Invesco Mutual Fund has launched its Global Consumer Trends Fund of Funds (FoF) focusing on global changes in standard of living, demographics, connectivity and lifestyle. The Fund will feed into the Invesco Global Consumer Trends Fund, a Luxembourg domiciled fund. The underlying fund is benchmarked to the MSCI Consumer Discretionary Index and has a size of $2.76 billion.
The fund, launched on 4 December, is dominated by e-commerce (31%), followed by restaurants, hotels and casinos (22%) and video games, entertainment and software (17%). It is underweight on traditional sectors like automobiles and textiles.
In its presentation, Invesco Mutual Fund said trends such as internet and mobile penetration, retail spending going on e-commerce, video gaming, e-sports and subscription based music streaming will continue to play out. Post pandemic, retail spending on ‘experiences’ such as travel and leisure, consumer durables and home improvement will pick up.
It aims to have at least 70% of the portfolio focused on companies tracking the discretionary needs of consumers. The fund has 67% of its portfolio in the US, followed by 13% in other developed markets and 21% in emerging or frontier markets.
Its largest holding is Amazon (10.2%), followed by Alibaba (7.9%) and Penn National Gaming (6.4%) a casino and racetrack operator. In rupee terms, the underlying fund has given returns of 19% CAGR over the past 5 years and 22.6% over the past 10 years, as of 31 October. Since inception in 1999 returns are 12.4% CAGR.
"This fund is about where the consumer spends his time and where he spends his money. It is more core than thematic. Consumer discretionary stocks in India are expensive because there is a scarcity of companies in that bucket,” said Saurabh Nanavati, CEO, Invesco Mutual Fund.
“The expense ratio will be 2.25%. We feed into the S share class of the underlying fund which has the lowest expense ratio for institutions which at 0.83% and the balance 1.42% is charged by the Indian AMC,” he added. Global markets have seen a run up post the pandemic-driven dip in April. However, Nanavati argued for a long-term view on the fund.
“As far as valuations go, you need to get into such funds for 10 years. Consumer trends change. Prior to Covid the fund had cruise liners in its portfolio. In February, those stocks were sold off. Now the biggest exposure is video games, you have five gaming companies in it. Such companies are doing extremely well post Covid,” he said.
“In any country-specific fund, there will be financials, utilities and energy. None of this is there in this. Its overlap with a US equity fund is less than 15%, with NASDAQ is 17%,” he added.

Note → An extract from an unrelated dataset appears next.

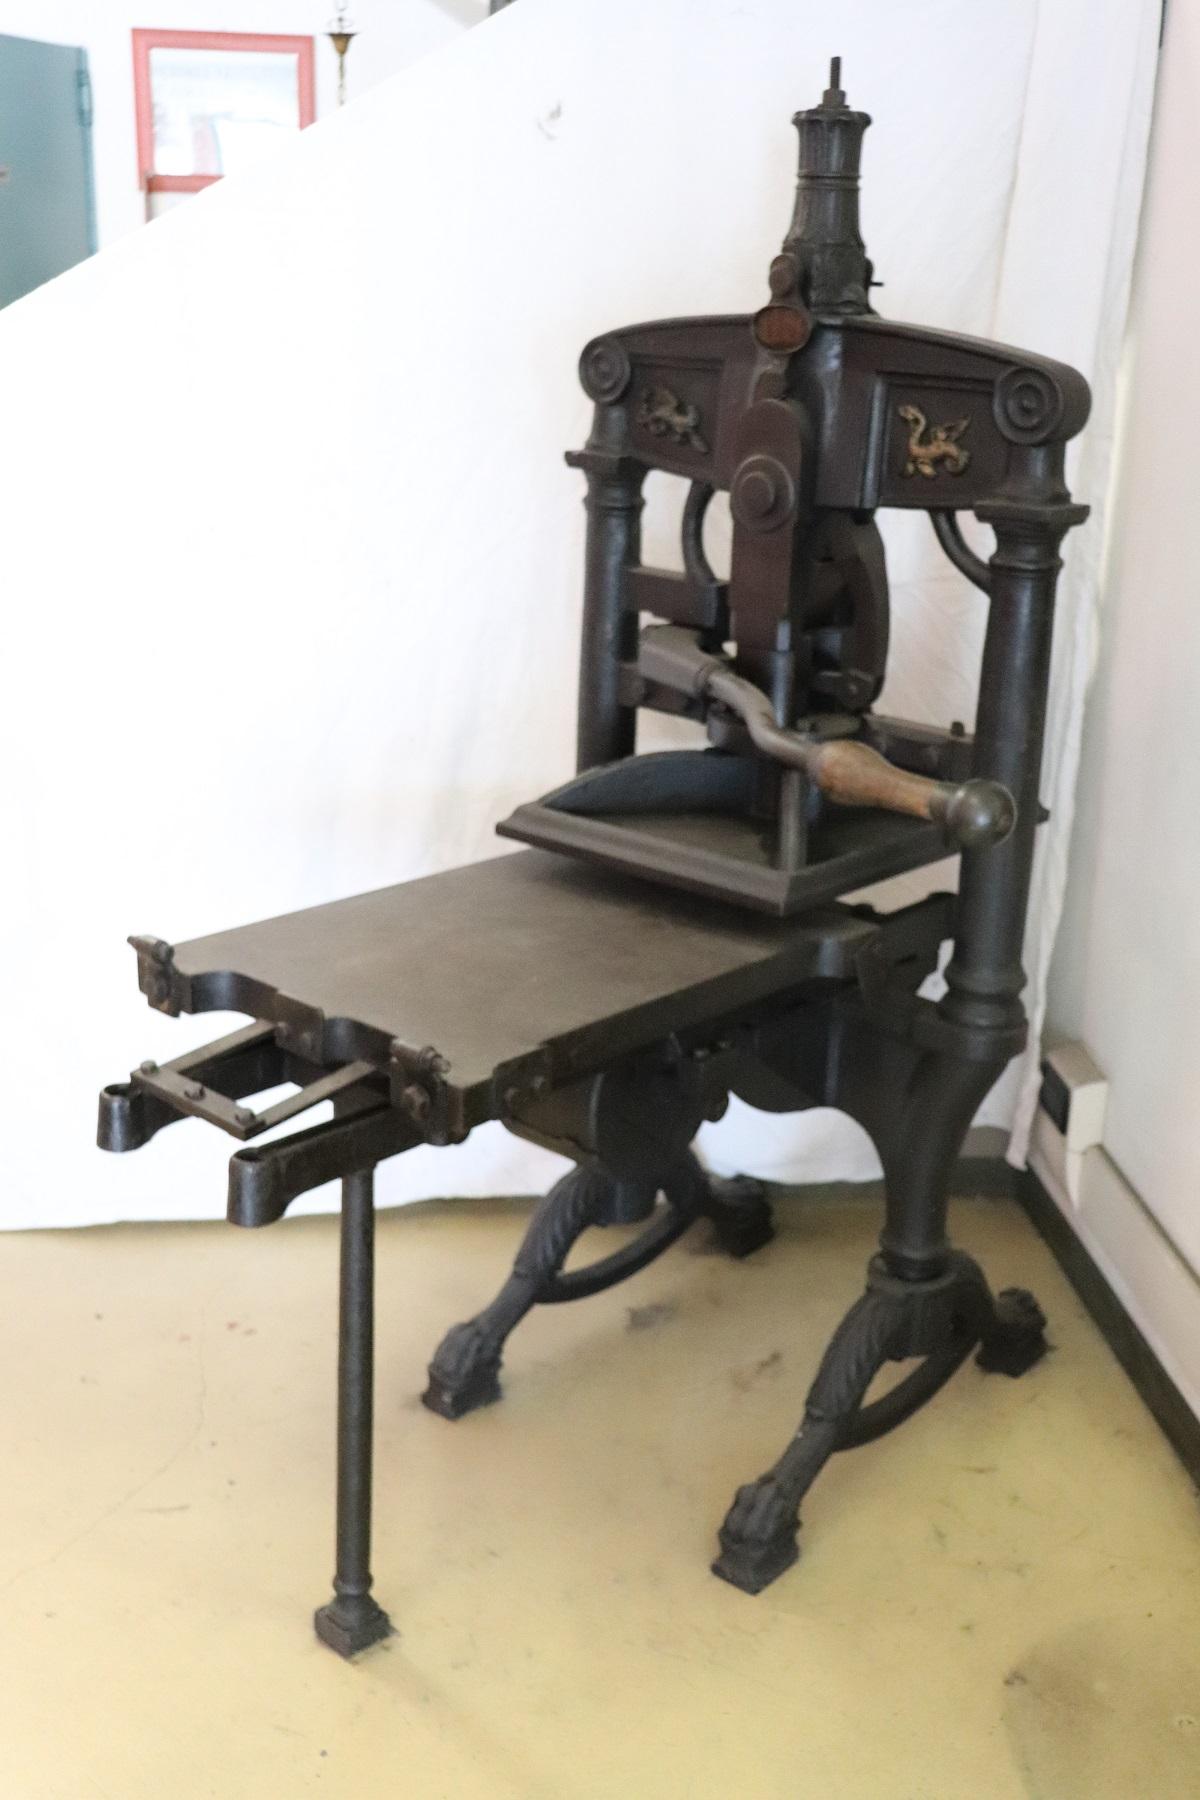 This rare item for sale is part of the history of typography. A beautiful example of a 19th century book press made entirely of iron. The iron is forged with decorative elements these characteristics were intended only for presses in use by

Experts took a cautious stance of the fund. "Global allocation should ideally be through a broad-based fund like one following the S&P 500 rather than a thematic one. Don't crowd the international side of your portfolio with too many schemes," said Amol Joshi, founder, Plan Rupee Investment Services, a Mumbai-based mutual fund distributor.
Munish Randev, founder, Cervin Family Office, a Sebi-registered investment advisory firm concurred. “The fund can be a supplemental allocation in your international portfolio, once your core offshore equity portfolio is sorted with exposure via diversified ETFs. The main intent of exposure to this fund is to have a higher weightage to the broader consumption theme maybe with some niche plays," he said.
They also asked investors to spread out their investments. “Investors keen on diversifying abroad can consider the fund, however, they should not be buying the past returns. They can take a staggered approach and keep a five-seven-years investment horizon,” said Prableen Bajpai, founder, Finfix Research and Analytics Pvt Ltd, a mutual fund distributor.